- _Provided data_
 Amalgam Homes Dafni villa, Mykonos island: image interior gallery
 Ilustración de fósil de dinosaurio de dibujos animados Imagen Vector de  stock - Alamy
==
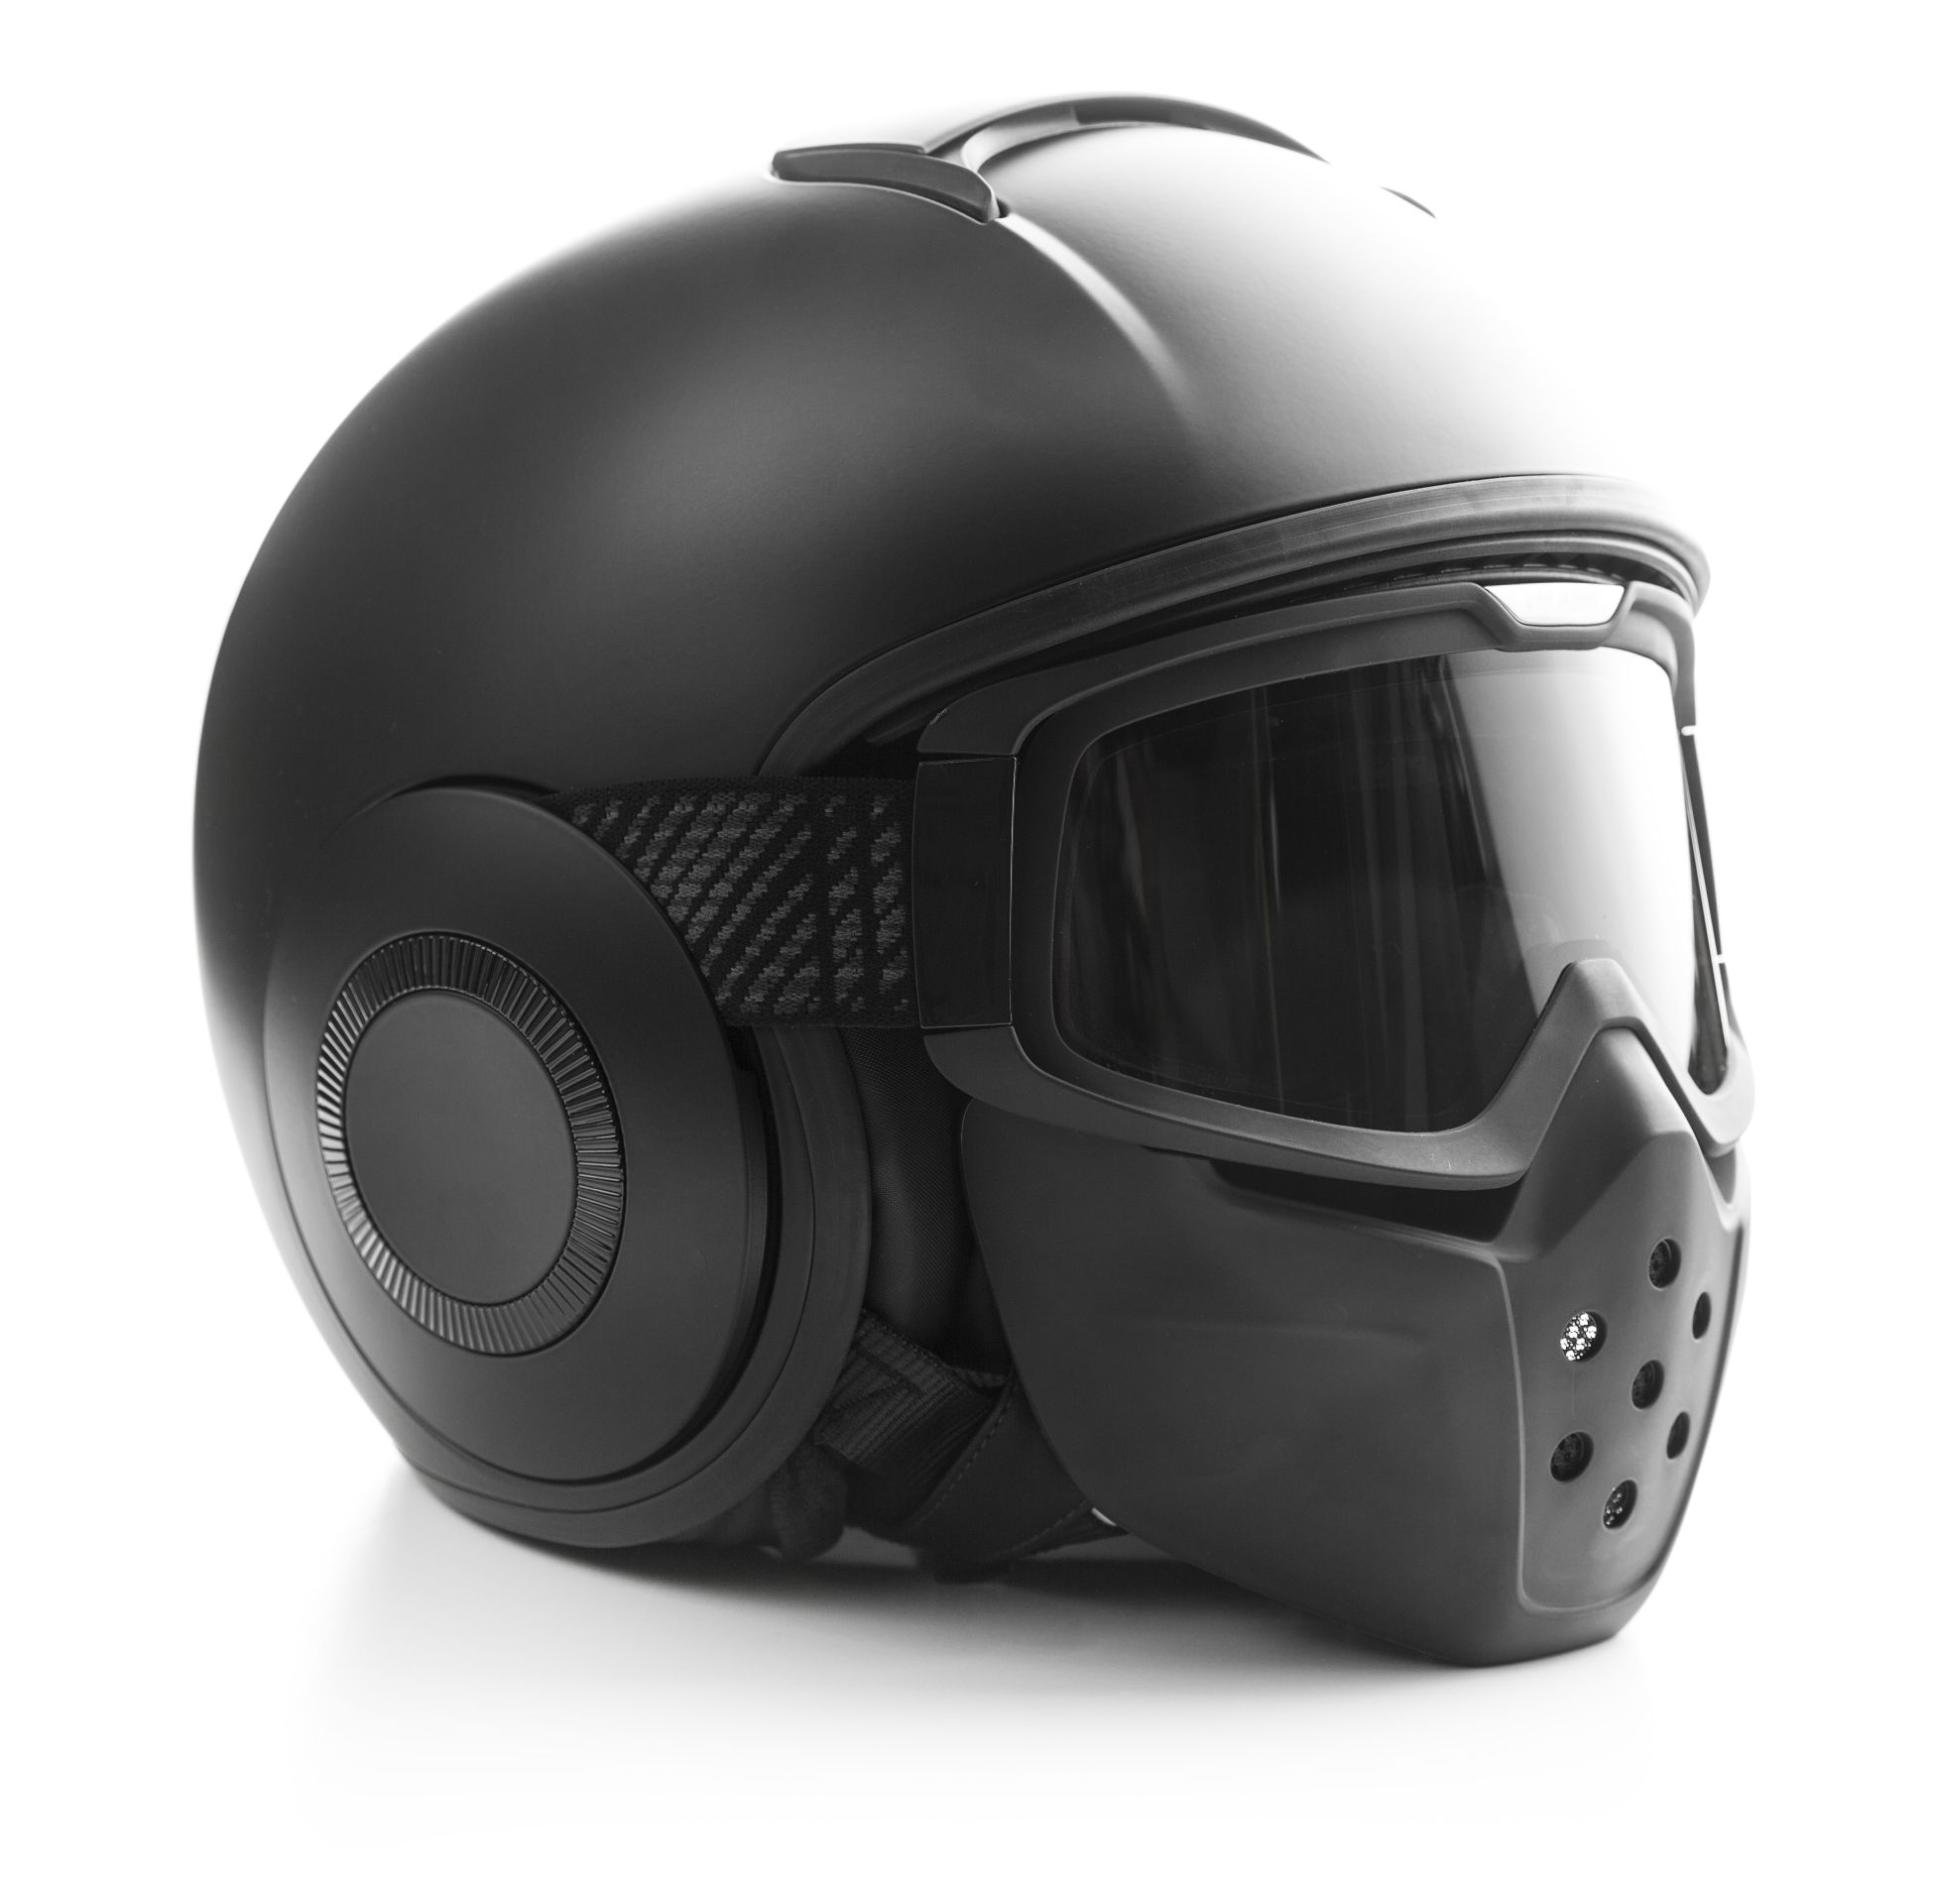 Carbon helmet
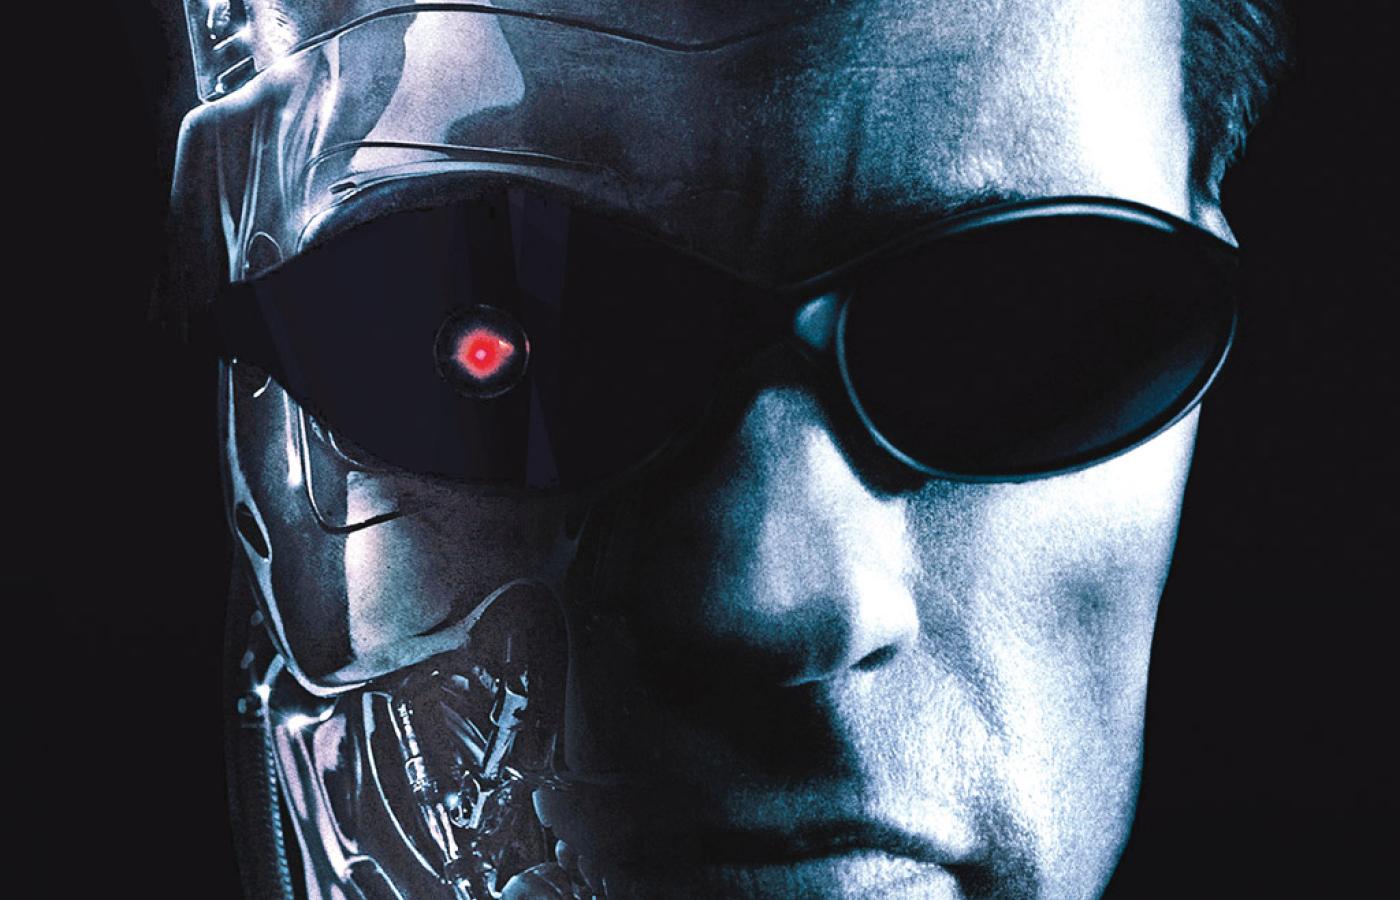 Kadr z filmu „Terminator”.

- _Task to complete_
Reproduce word for word the material above, beginning with the line that contains "Amalgam Homes Dafni" and ending with the line that contains "Ilustración de fósil".

- _Response to the task_
 Amalgam Homes Dafni villa, Mykonos island: image interior gallery
 Ilustración de fósil de dinosaurio de dibujos animados Imagen Vector de  stock - Alamy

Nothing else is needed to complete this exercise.